WORK TO COMPLETE:
Print exactly, and only, the lines from the one that has "Basically Games - Developer" through the end of the material below, with both ends included and the pictures omitted.

INFORMATION SUPPLIED:
┌──

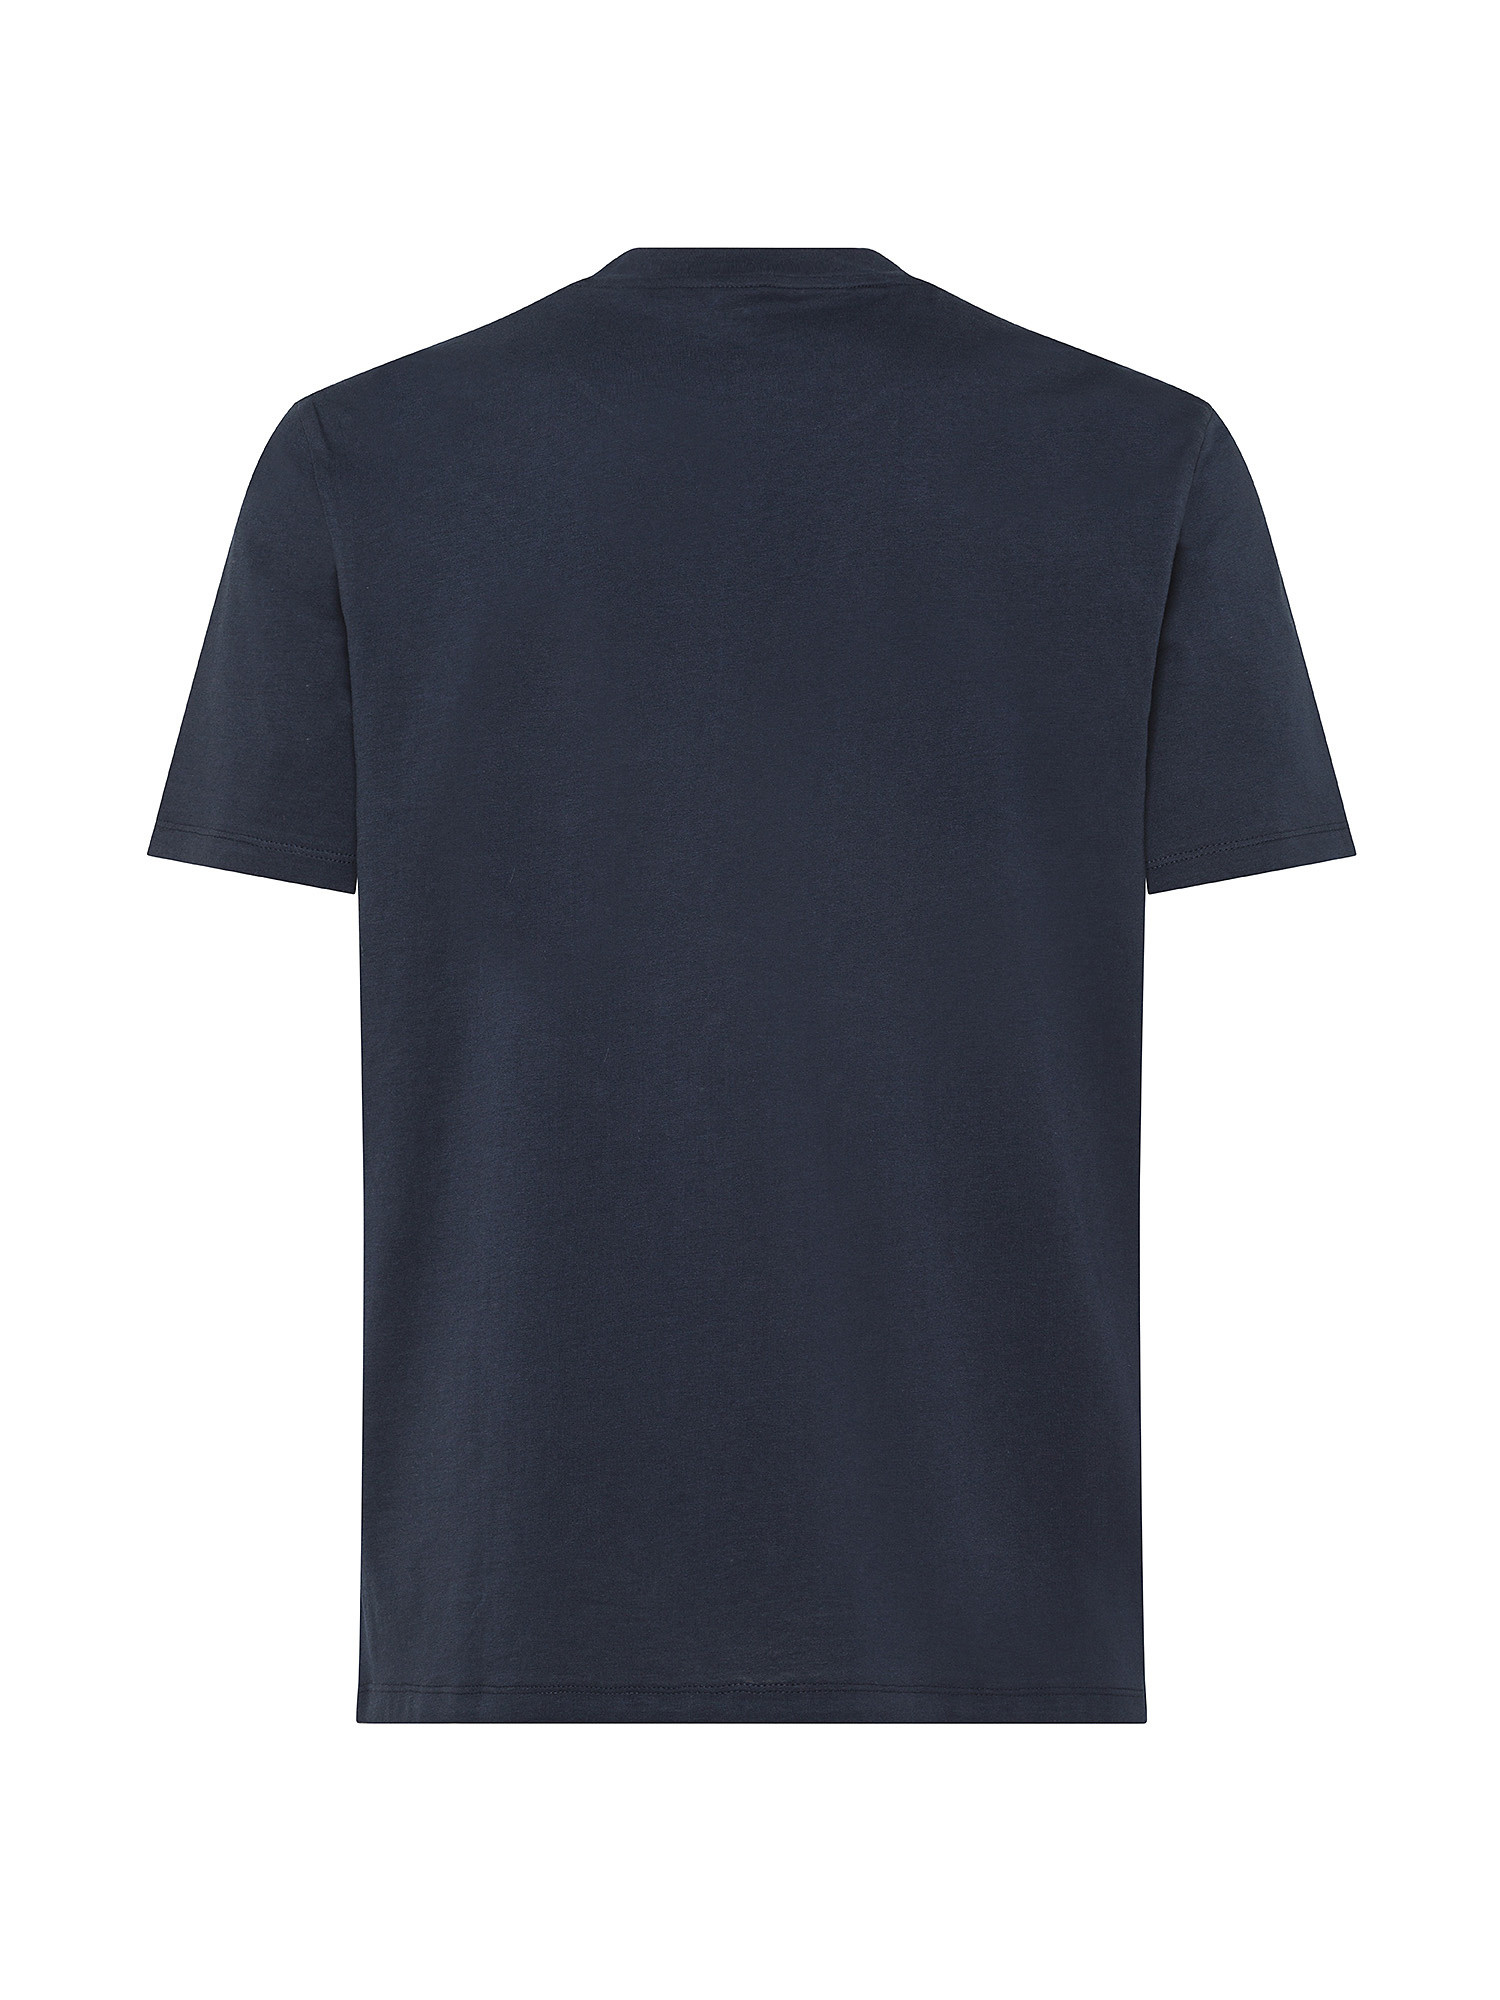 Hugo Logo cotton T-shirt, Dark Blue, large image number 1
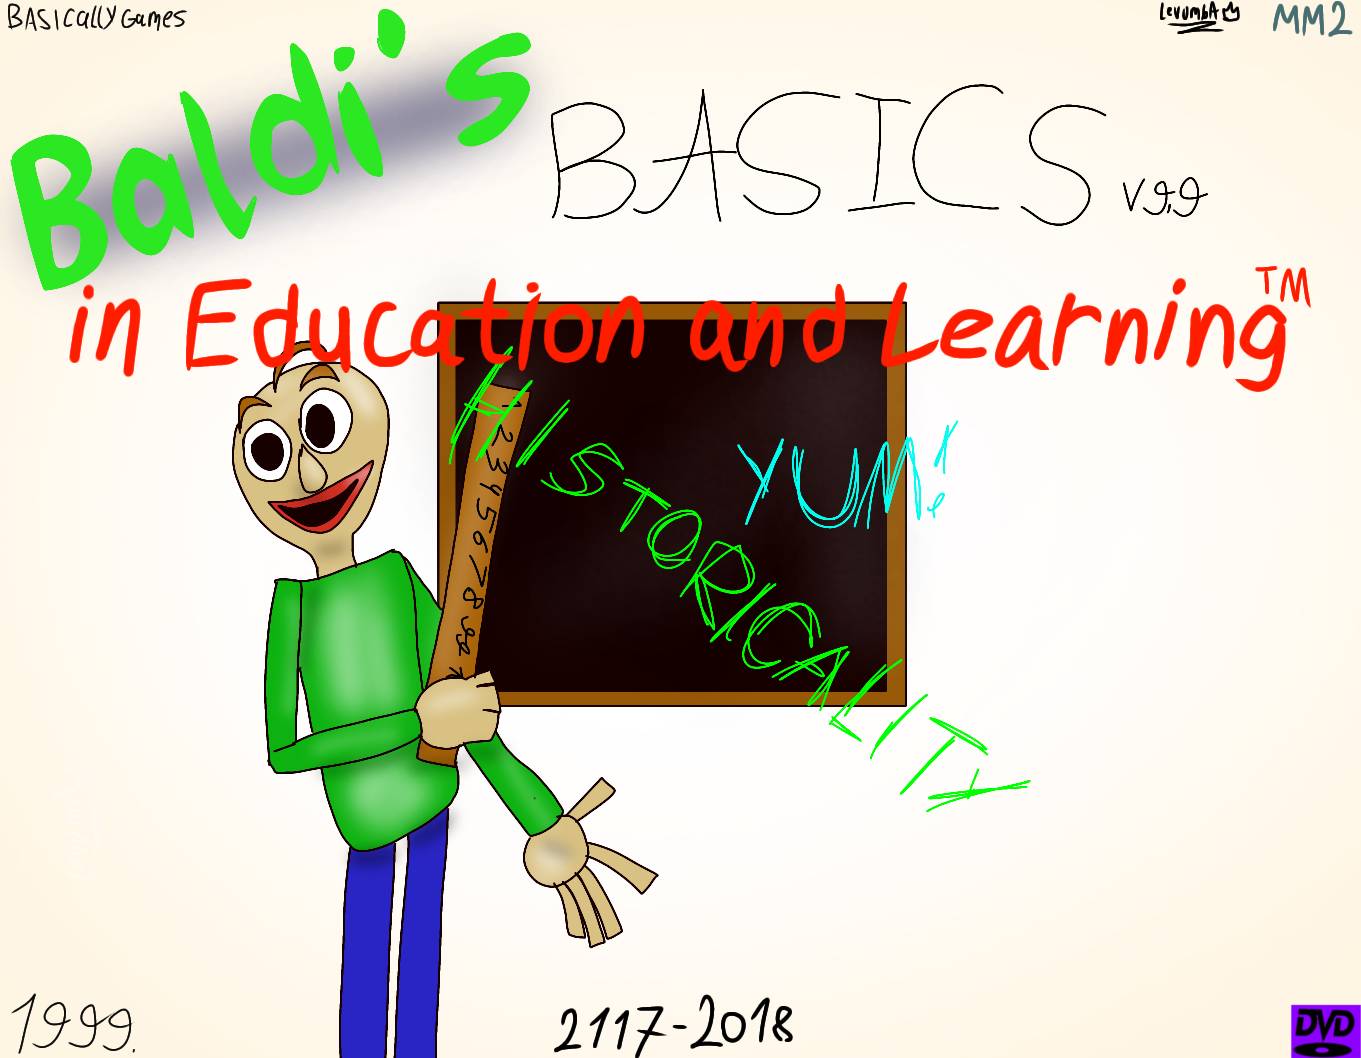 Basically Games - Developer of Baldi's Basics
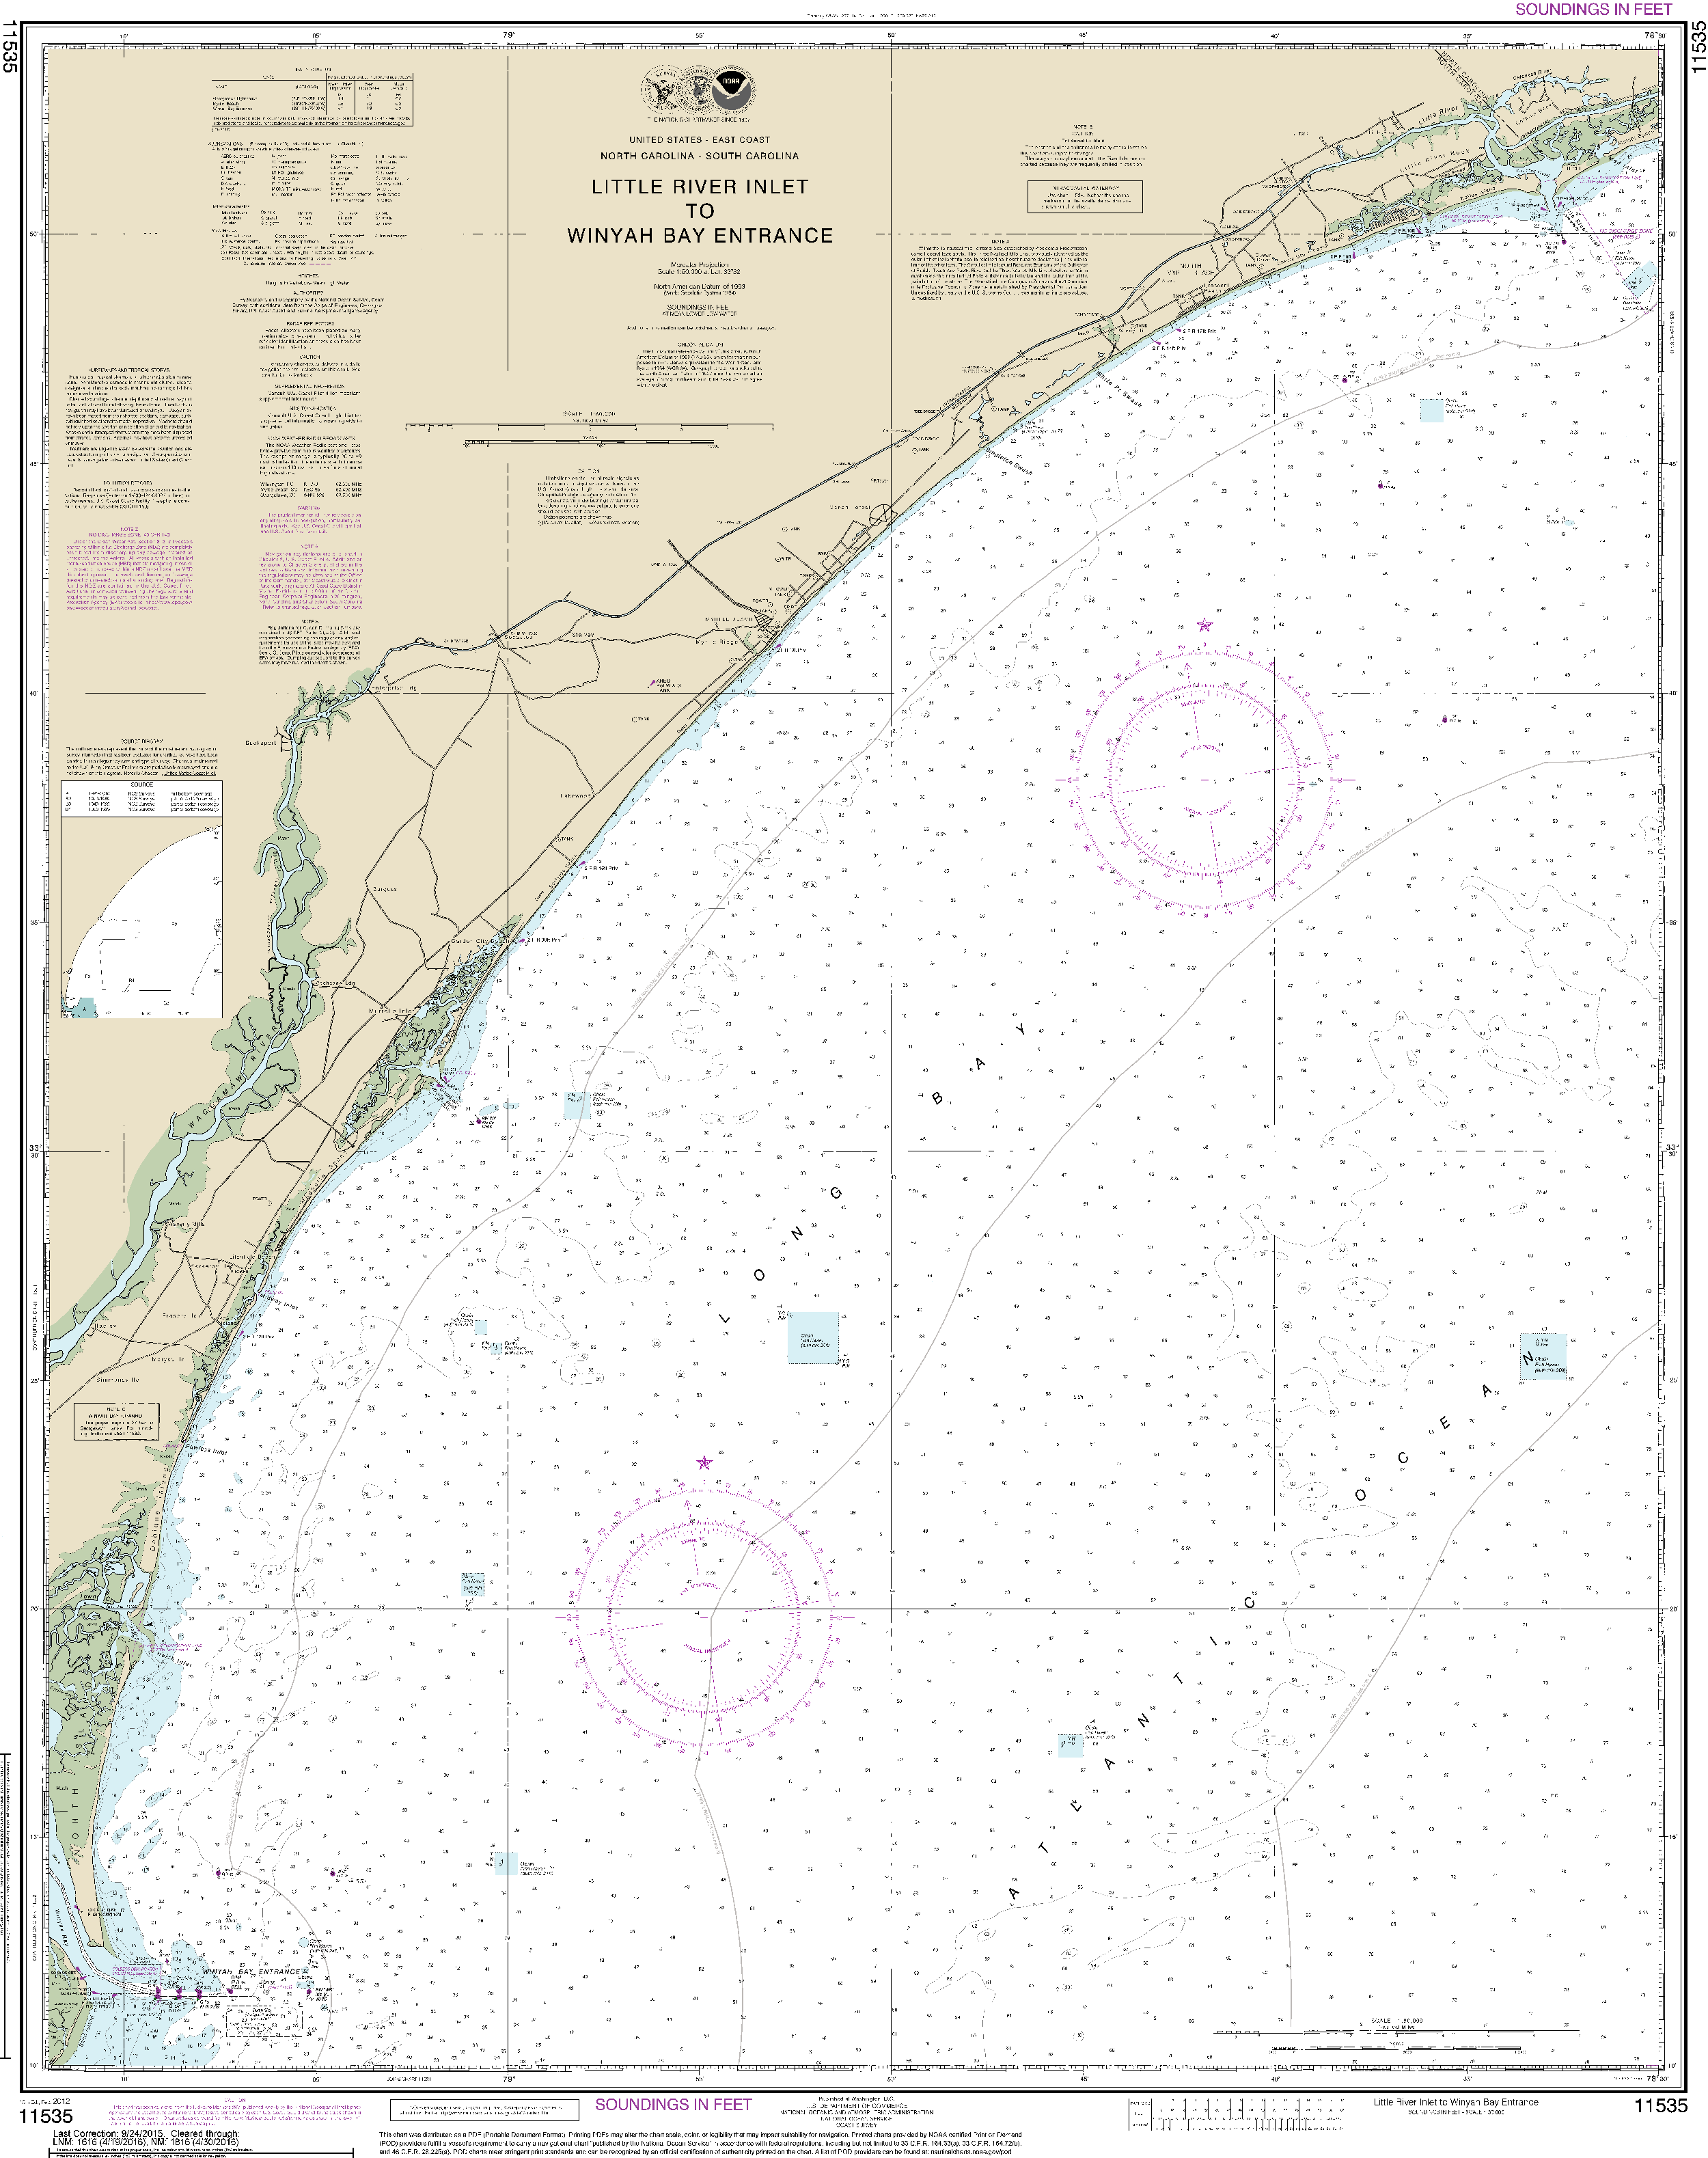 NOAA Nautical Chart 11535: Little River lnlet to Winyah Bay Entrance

└──

TASK RESULT:
 Basically Games - Developer of Baldi's Basics
 NOAA Nautical Chart 11535: Little River lnlet to Winyah Bay Entrance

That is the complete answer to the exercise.